— Чайку захочется после рыбки. Я вам сейчас такой колер заварю, что писать можно.
Он срезал в кустах несколько стеблей у самого корня шиповника, нарвал цвета ежевики да наломал веток черной смородины с зелеными ягодами и все это положил в ведро, зачерпнул воды из озера и повесил чай варить.
— А не отравишь своим зельем-то? — спросил полковник.
— Помрешь — ни один профессор не определит отчего. Вот заварю — за ухо не оттащишь… Пока мы с рыбой покончим, и чай подойдет.
Расстелили плащ-палатку под развесистым, как шатер, дубом; в центре поставили дымящийся котел ухи, рыбу на доске и коньяк… Фомич как чай отхлебывал — и приговаривал:
— Лекарственная штука… Теперь бы по вечерам его принимать от простуды. И тогда лет до ста прожить можно.

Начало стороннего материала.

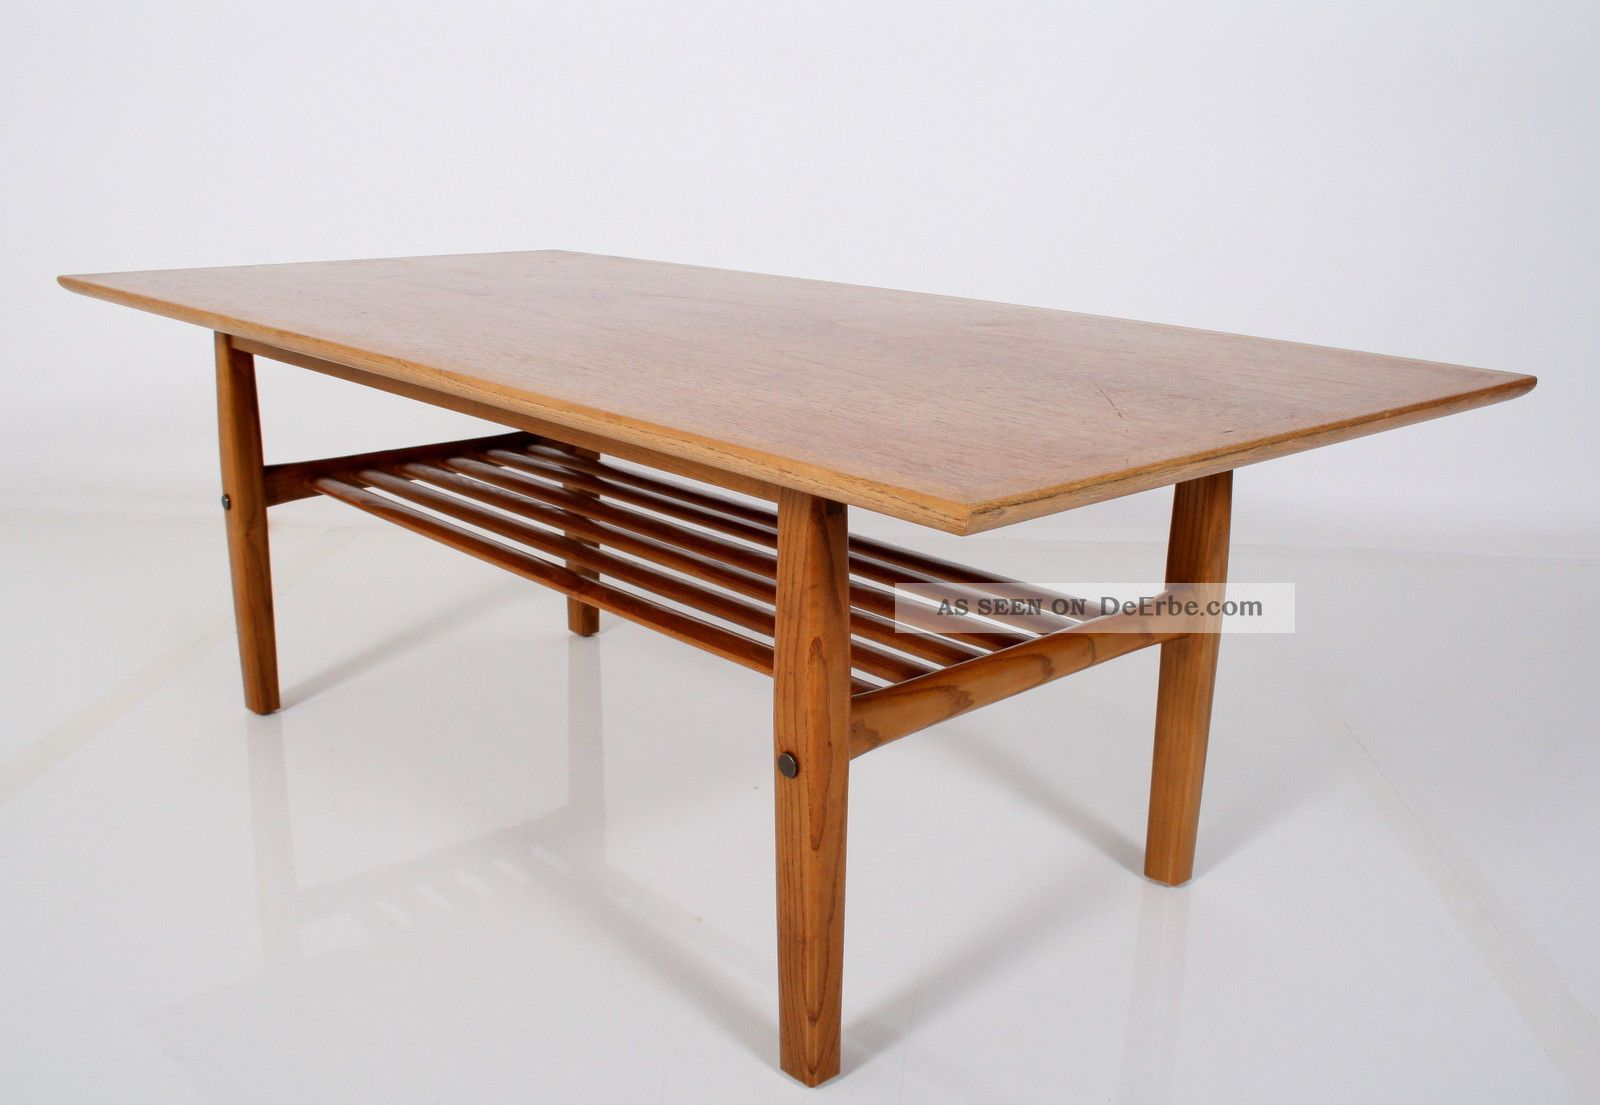 teak 60er coffee table danish design couchtisch tisch table 60s a 60 tavolo. Black Bedroom Furniture Sets. Home Design Ideas
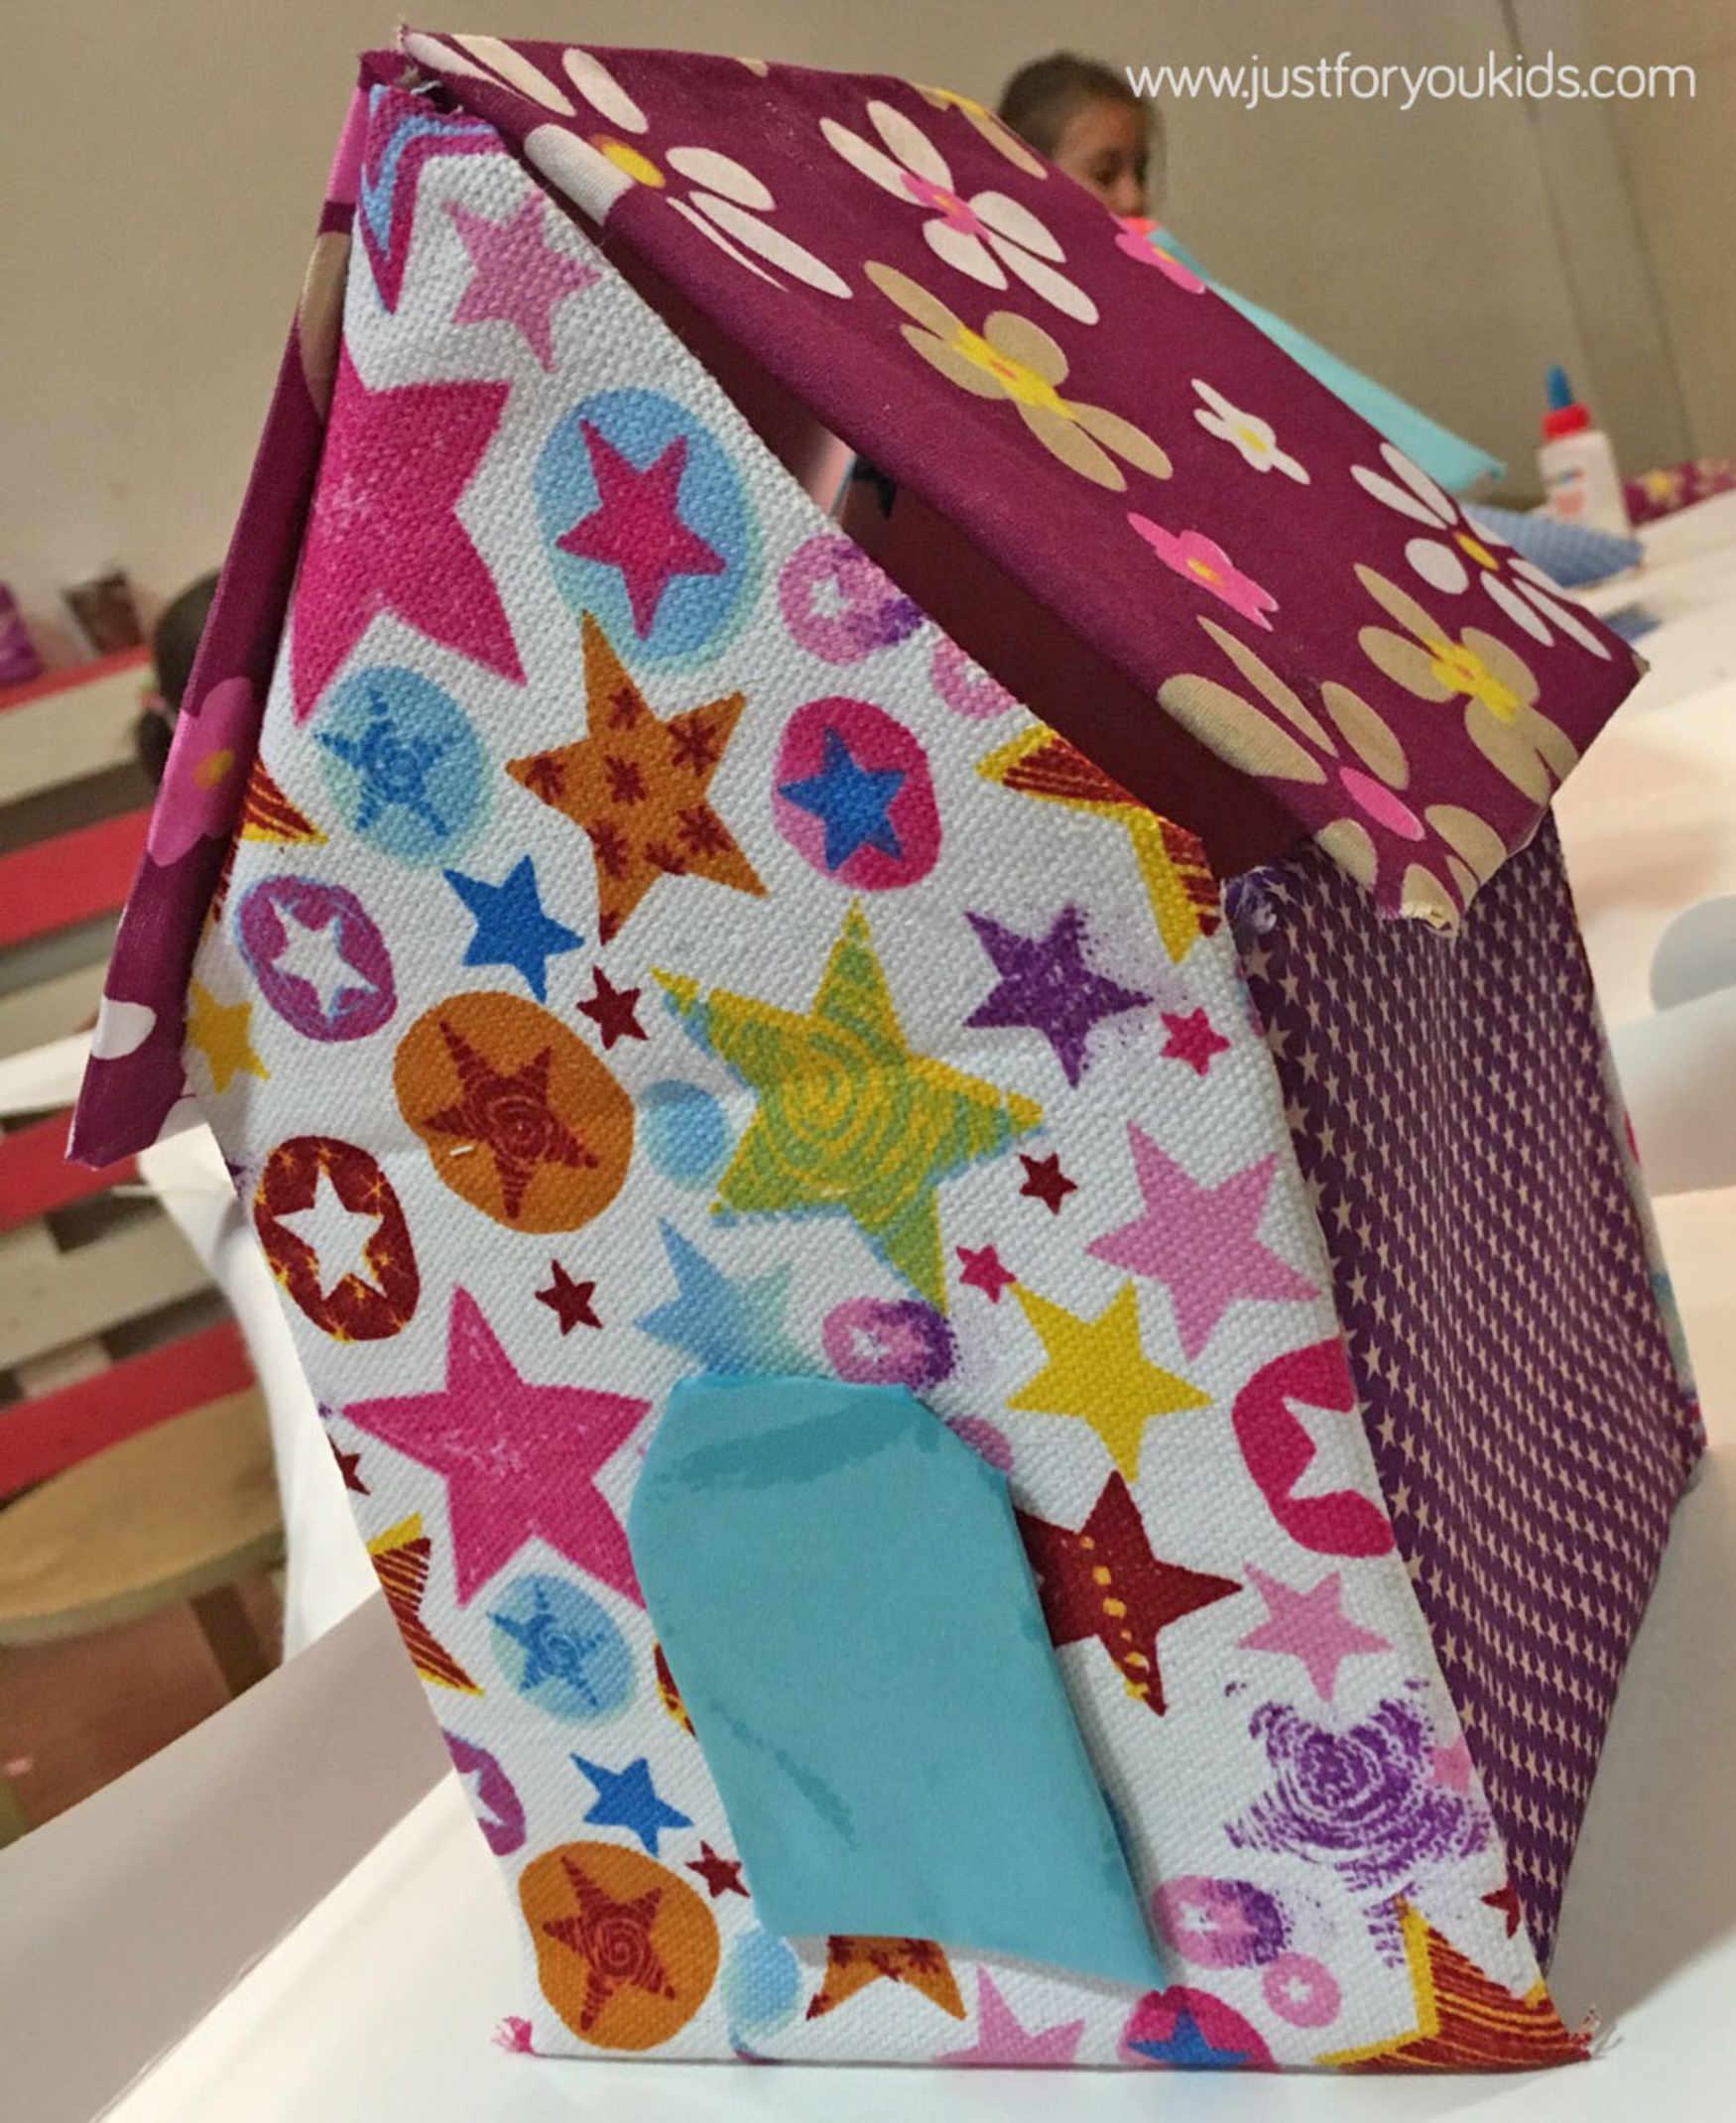 Blog infantil manualidad infantil crea una casita de tela - Casita tela ninos ...

Роберт Иванович сидел, прислонясь спиной к дубу, все смотрел с крутояра на тот берег и восклицал:
— Ну что за прелесть! Что за виды! Весь мир, кажется, объездил, а такой вот милой, скромной красоты не видывал.
Смотреть отсюда, с высокого берега, и впрямь было приятно: далеко, у горизонта, куда хватал глаз, синели в этот вечерний час мягкие округлые липовые рощицы, а сразу за озером одинокие темные дубки забрели по колено в пестрое от цветов разнотравье и застыли в раздумье, будто дорогу потеряли и теперь не знают, как выйти к лесу. Застыли, смирились со своим одиночеством. Целый день куда-то рвавшиеся за ветром, буйствовавшие травы тоже затихли. И камыши, уставшие склоняться день-деньской, над водой шуметь, тоже выпрямились, стали выше, отраженные в спокойной прозрачной воде. Все в этот час в природе было согласным, покорным и, знать, оттого трогательно-грустным. Ни ветерка, ни дуновения. И даже птицы, казалось, понимали, что громко кричать неприлично; где-то на том берегу торопливо лопотал свое «спать пора!» перепел, да из ближних кустов тоненько позванивала овсяночка: «Вези сено да не тряси-и-и! Вези сено да не тряси-и-и…»
Фомичу от этой тихой красоты стало хорошо и грустно, и он сказал со вздохом:
— И зачем живет человек на свете, спрашивается? Красотой полюбоваться… Добро в себе найти и другим добро сделать… На радость чтобы. А мы рычим друг на друга, как звери. Тьфу! — Он достал свой кисет, но поглядывал на коробку «Казбека», лежавшую возле полковника.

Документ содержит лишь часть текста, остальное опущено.